Healthcare Company Fined £400,000 for Fatal Accident

BUPA, a nationwide healthcare organisation, has been issued a six-figure fine by the Carlisle Crown Court for negligence resulting in the death of a resident.

On the 24th September 2013, Josephine Millard, aged ninety-one, was found dead on the floor of her room in the Beacon Edge Care Home in Penrith. Josephine was killed by falling from her bed, which spurred an investigation by the Health and Safety Executives. The investigation found that there had been many failings in Josephine’s care. For example, though the care home had clear policies on bedrail safety, a pressure sensor that would have alerted staff to Josephine’s fall had been deactivated.

Additionally, the report found that the staff at the Beacon Edge care facility – which is run by BUPA – had not received training in bedrail management, and any required safety checks were not carried out as needed. The report concluded that, across the care home, there was a general lack of “care and support for people with dementia type illnesses” .

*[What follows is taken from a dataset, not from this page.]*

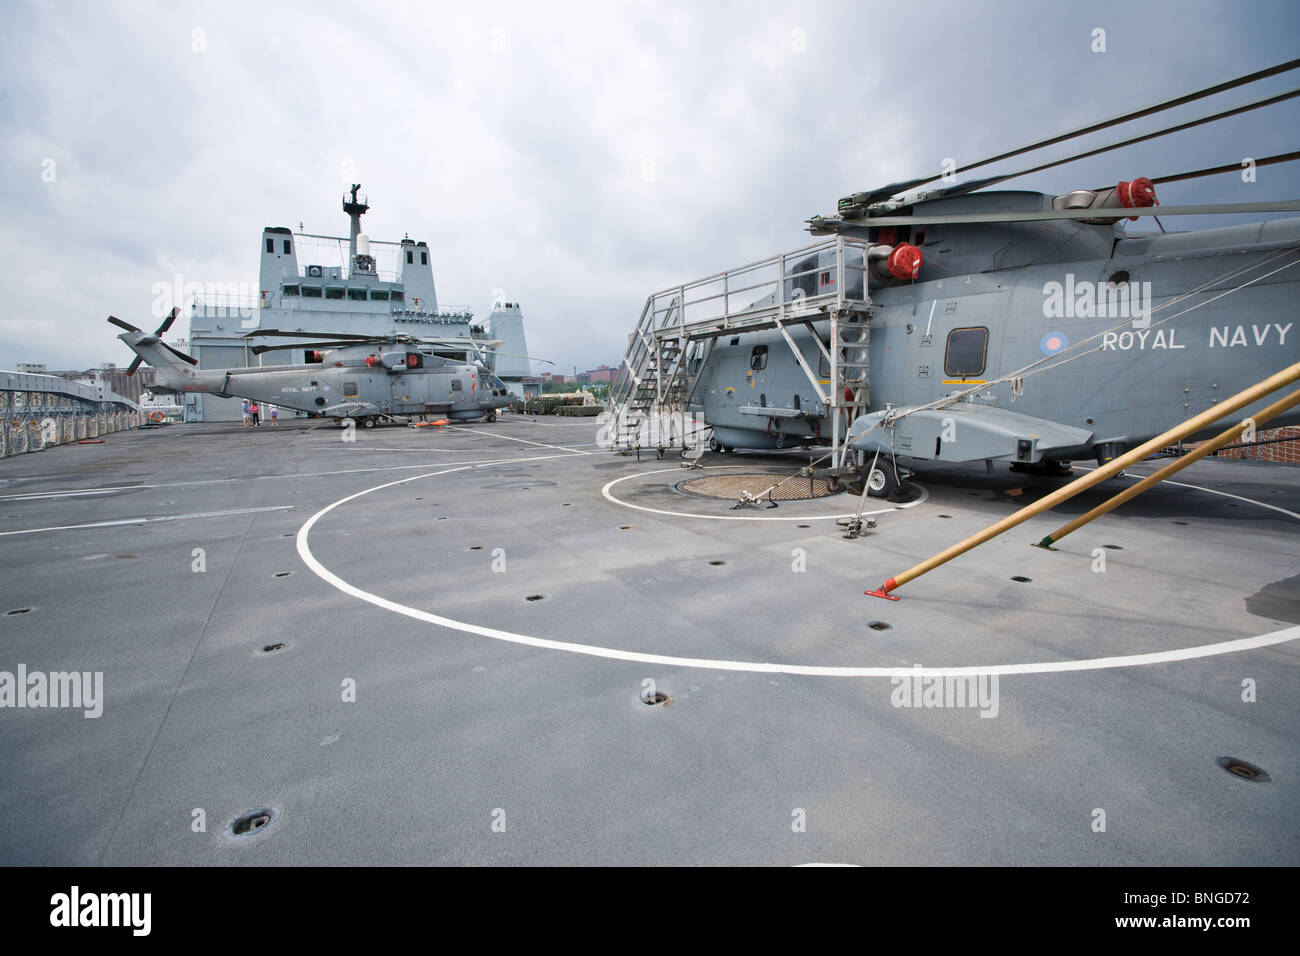 Two Royal Navy EH-101 Merlin helicopters on the flight deck of RFA FORT GEORGE. Stock Photo

For their breaches of the Section 3(1) of the Health and Safety at Work etc Act 1974 and Regulation 9 of the Provision and Use of Work Equipment Regulations 1998, BUPA Care Homes (CFC Homes) Ltd were prosecuted by the HSE. The company, at a hearing in the Carlisle Magistrates’ Court earlier this year, admitted their guilt to all charges.

Once the company had admitted their culpability, the case was sent to the Carlisle Crown Court for sentencing. BUPA was ordered to pay a £400,000 fine for their negligence. The company were then ordered to pay £15,206 in prosecution costs.

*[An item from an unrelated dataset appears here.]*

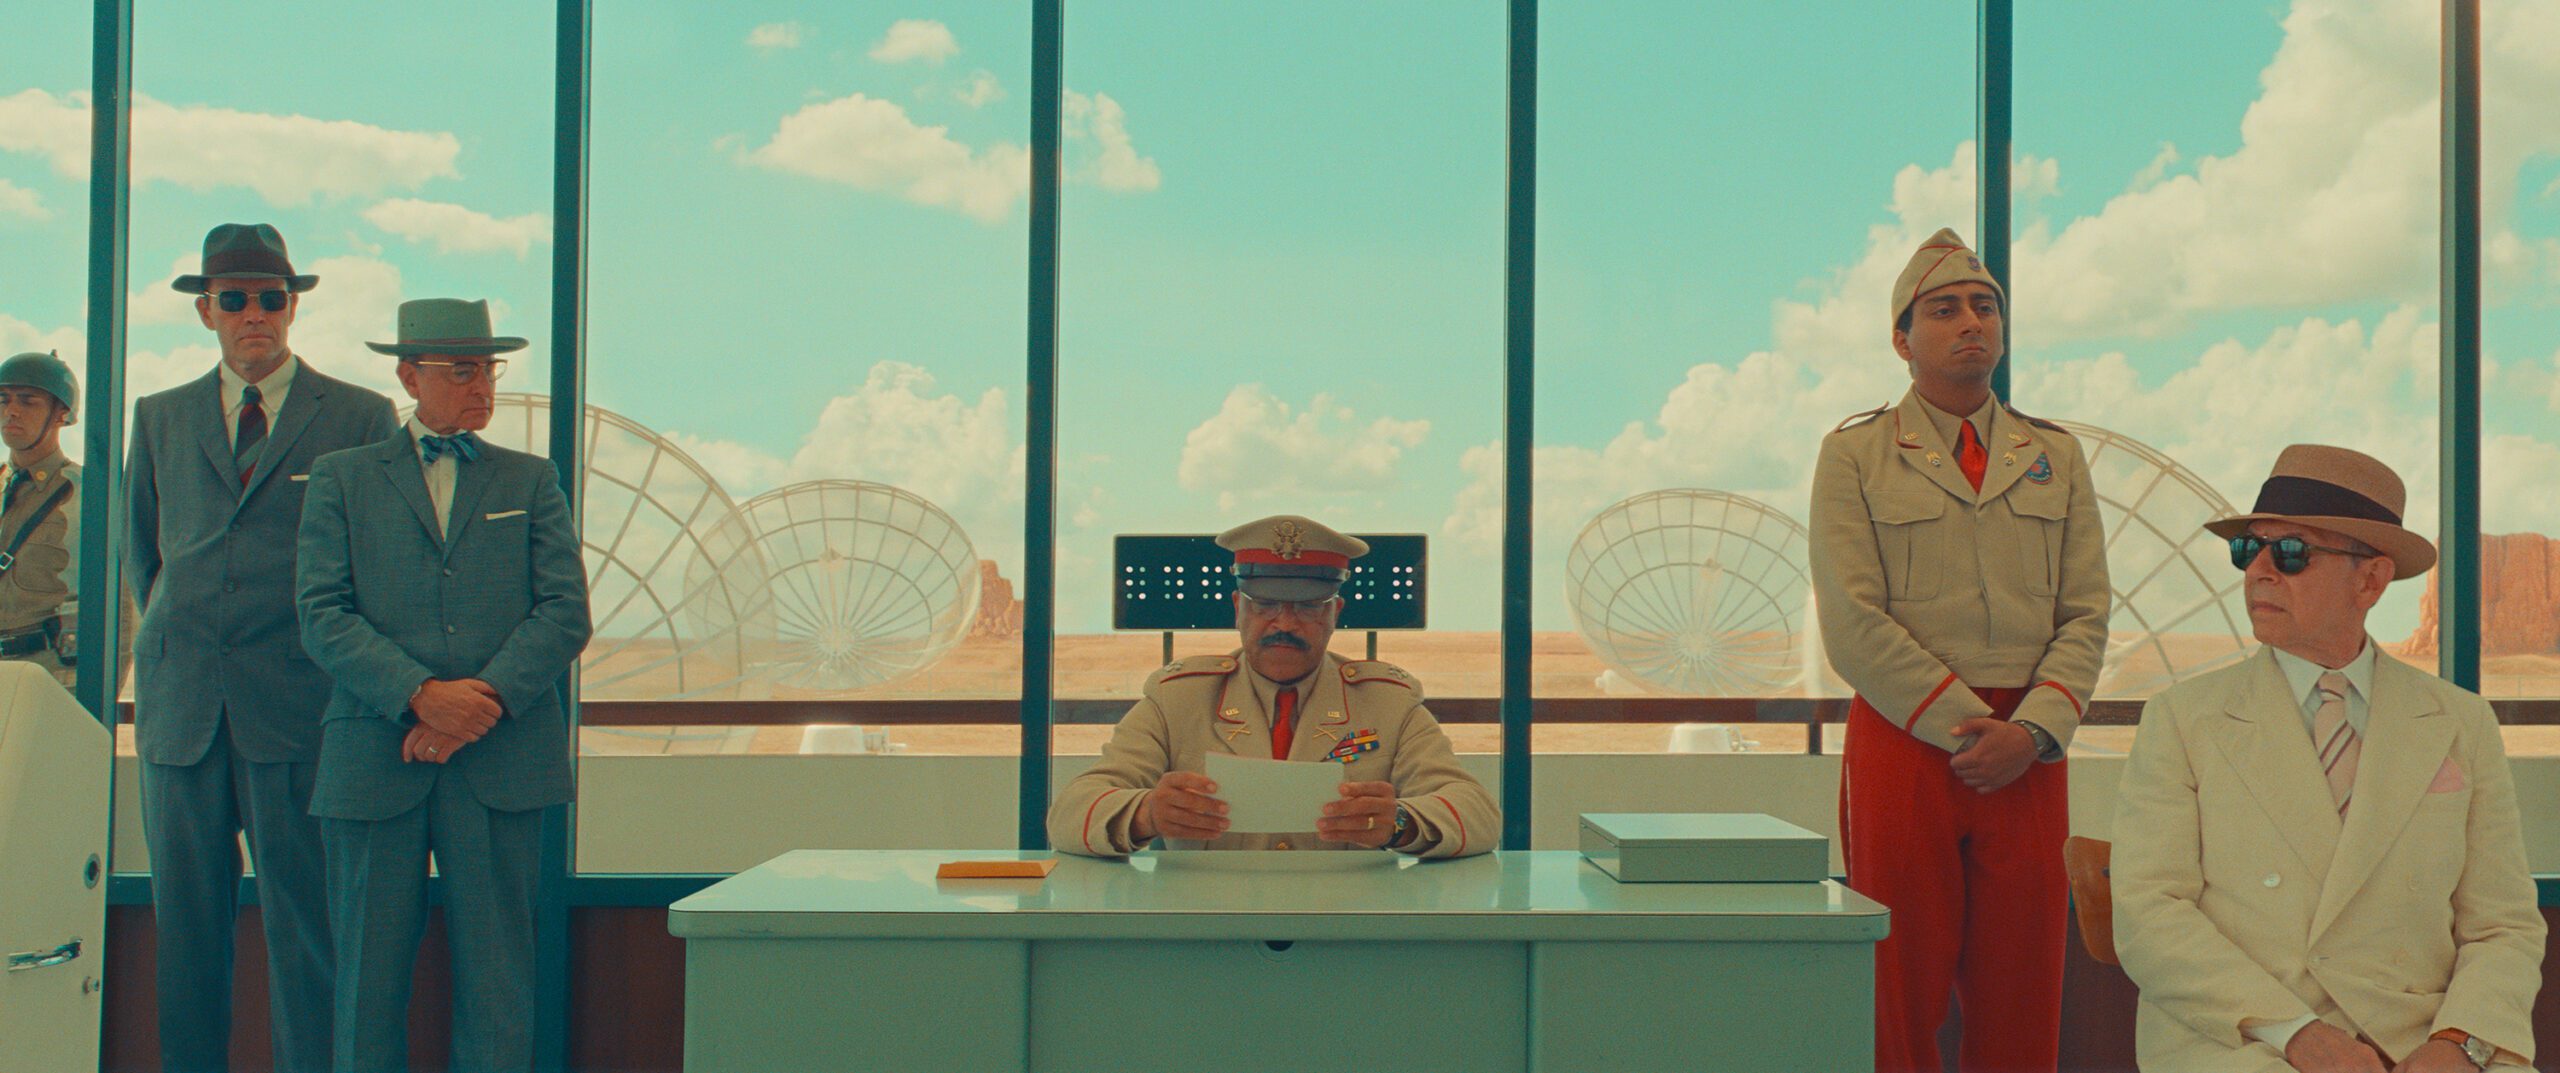 Meet the team that makes Wes Anderson movies look like Wes Anderson ...

HSE Inspector Carol Forster commented after the hearing that “The need for adequate risk assessment and management of third party bedrails has been recognised in the healthcare sector for a number of years. In this case there was a lack of appropriate assessment of the residents’ changing needs and review of the control measures in place to protect her. The measures that were in place were not used correctly in that the sensor pad which would have alerted staff to the resident’s being out of bed was not switched on”.